The enforcer auto-rolls-back the binary if its health-check fails. But if a problem surfaces after serves migrated their DBs forward, the binary alone won't fix it — restore the DBs:

sed -i "s/T3_PIN:-[0-9.]*/T3_PIN:-0.0.24/" ~/code/infra/scripts/t3-autoupdate.sh ~/code/infra/scripts/workstation/setup-devvm.sh
sudo install -m0755 ~/code/infra/scripts/t3-autoupdate.sh /usr/local/bin/t3-autoupdate
sudo npm i -g t3@0.0.24
for u in $(awk -F= '!/^[[:space:]]*#/&&NF==2{gsub(/ /,"",$2);print $2}' /etc/ttyd-user-map | sort -u); do
  bak=$(sudo ls -1t /var/backups/t3-state/$u/state-prebump-* 2>/dev/null | head -1)
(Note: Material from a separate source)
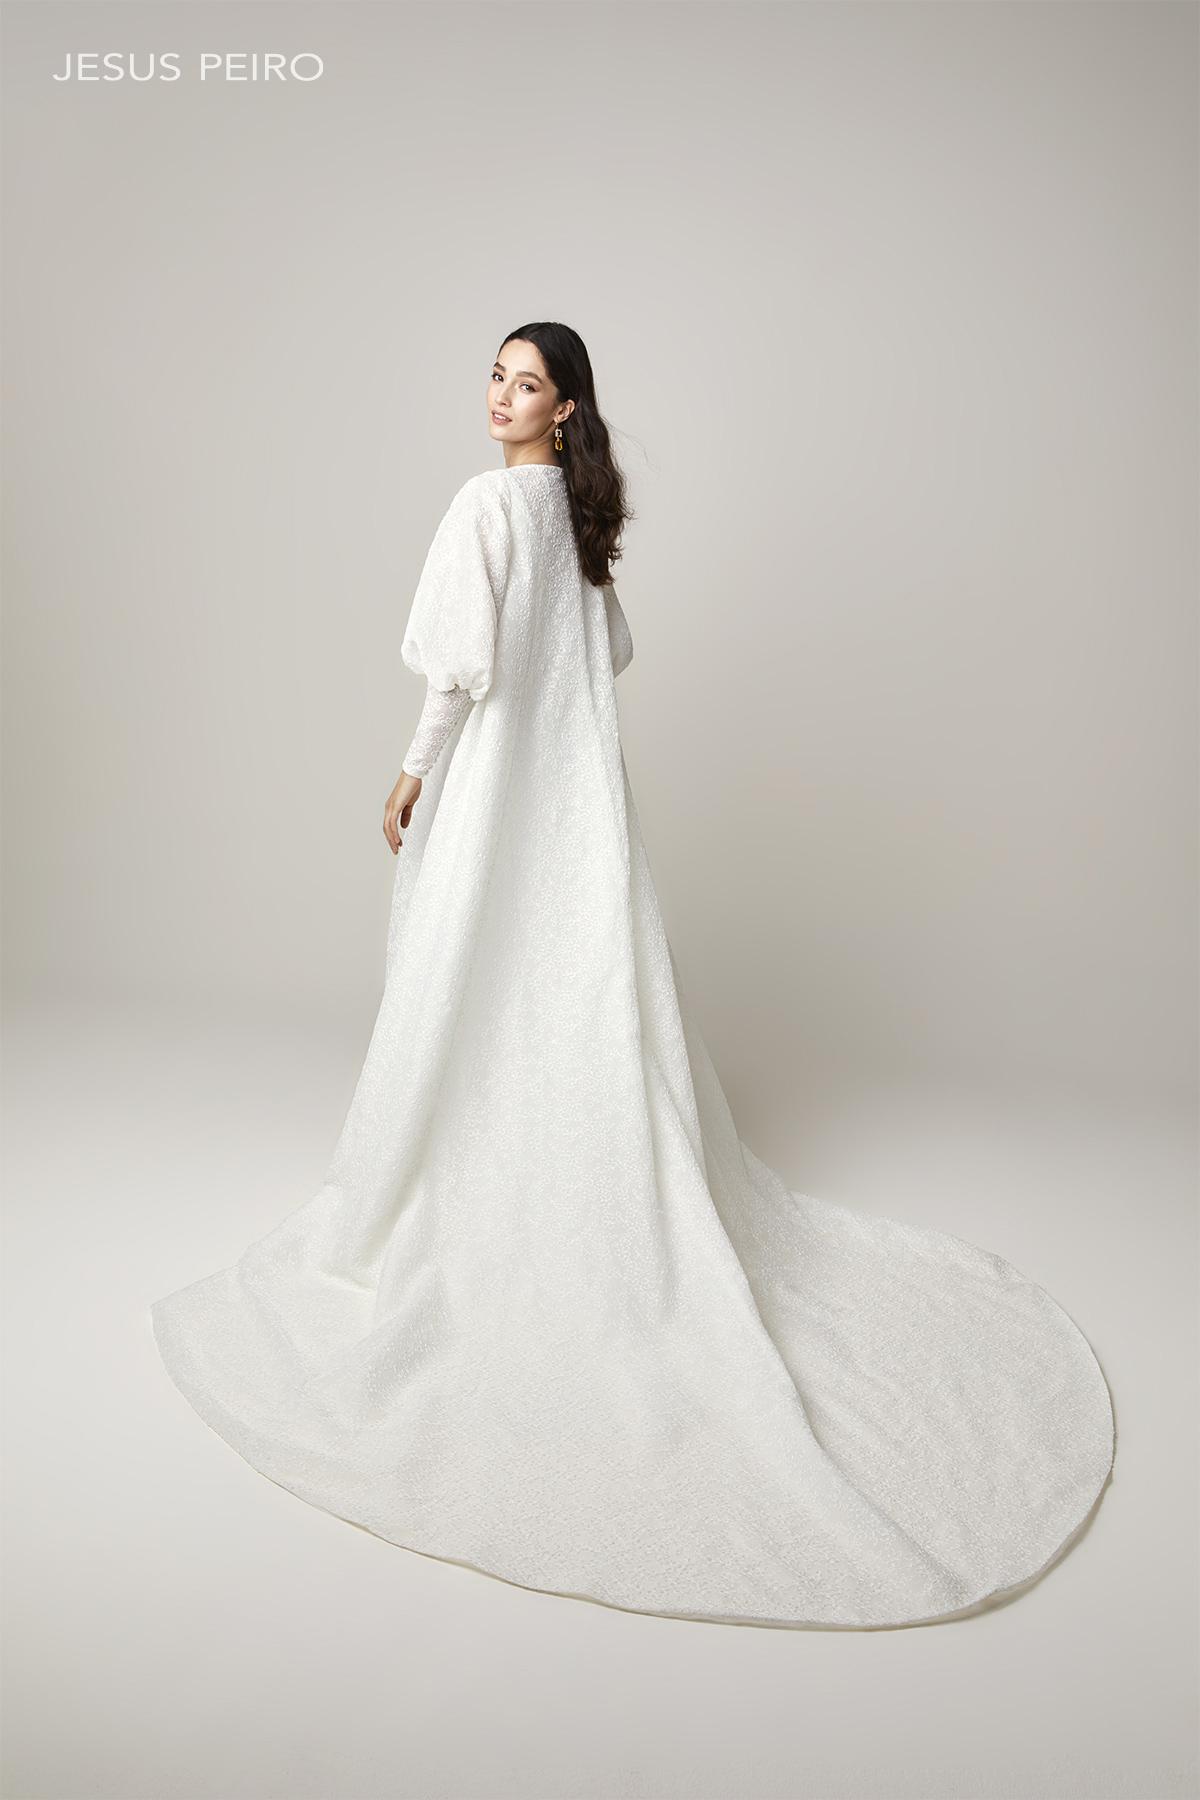 Vestido novia Jesús Peiró Ref.2232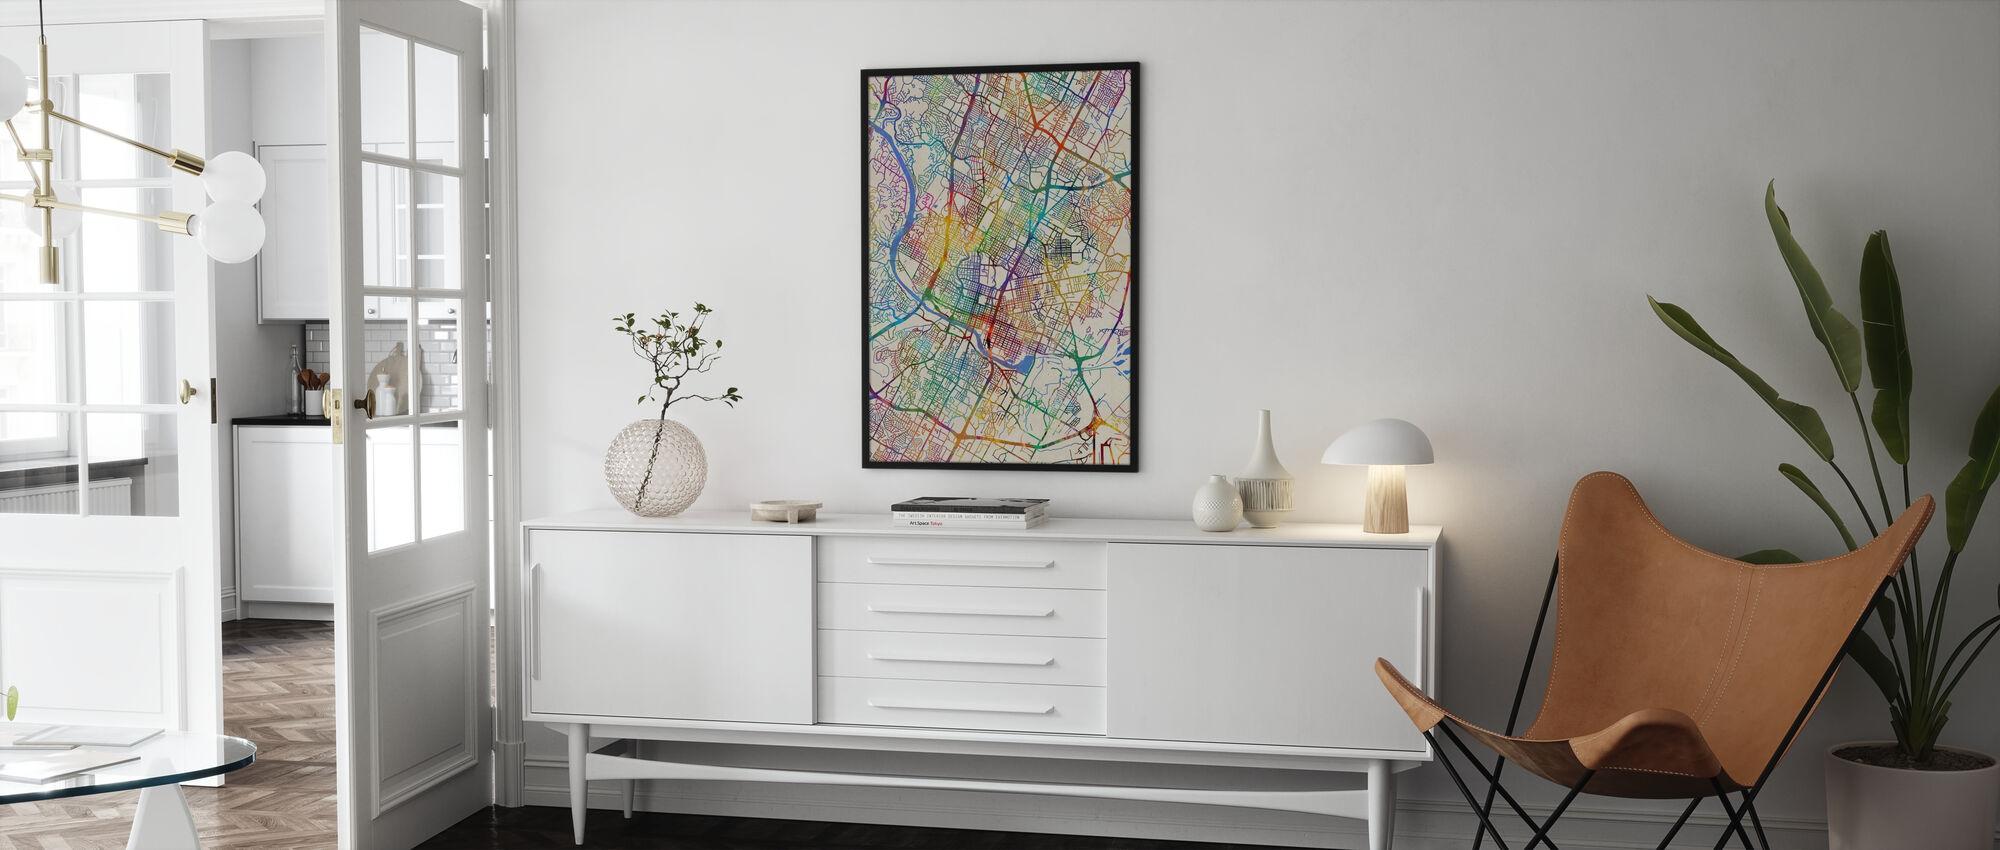 Austin Texas City Map - Poster - Living Room

  [ -n "$bak" ] || continue
  sudo systemctl stop t3-serve@$u
  sudo install -o "$u" -g "$u" -m600 "$bak" /home/$u/.t3/userdata/state.sqlite
  sudo rm -f /home/$u/.t3/userdata/state.sqlite-wal /home/$u/.t3/userdata/state.sqlite-shm
  sudo systemctl start t3-serve@$u
done
# verify 302 + t3_session as above

(The 2026-06-09 incident had no pre-bump backup, so rollback meant per-user sqlite surgery. With the backup, it's a restore.)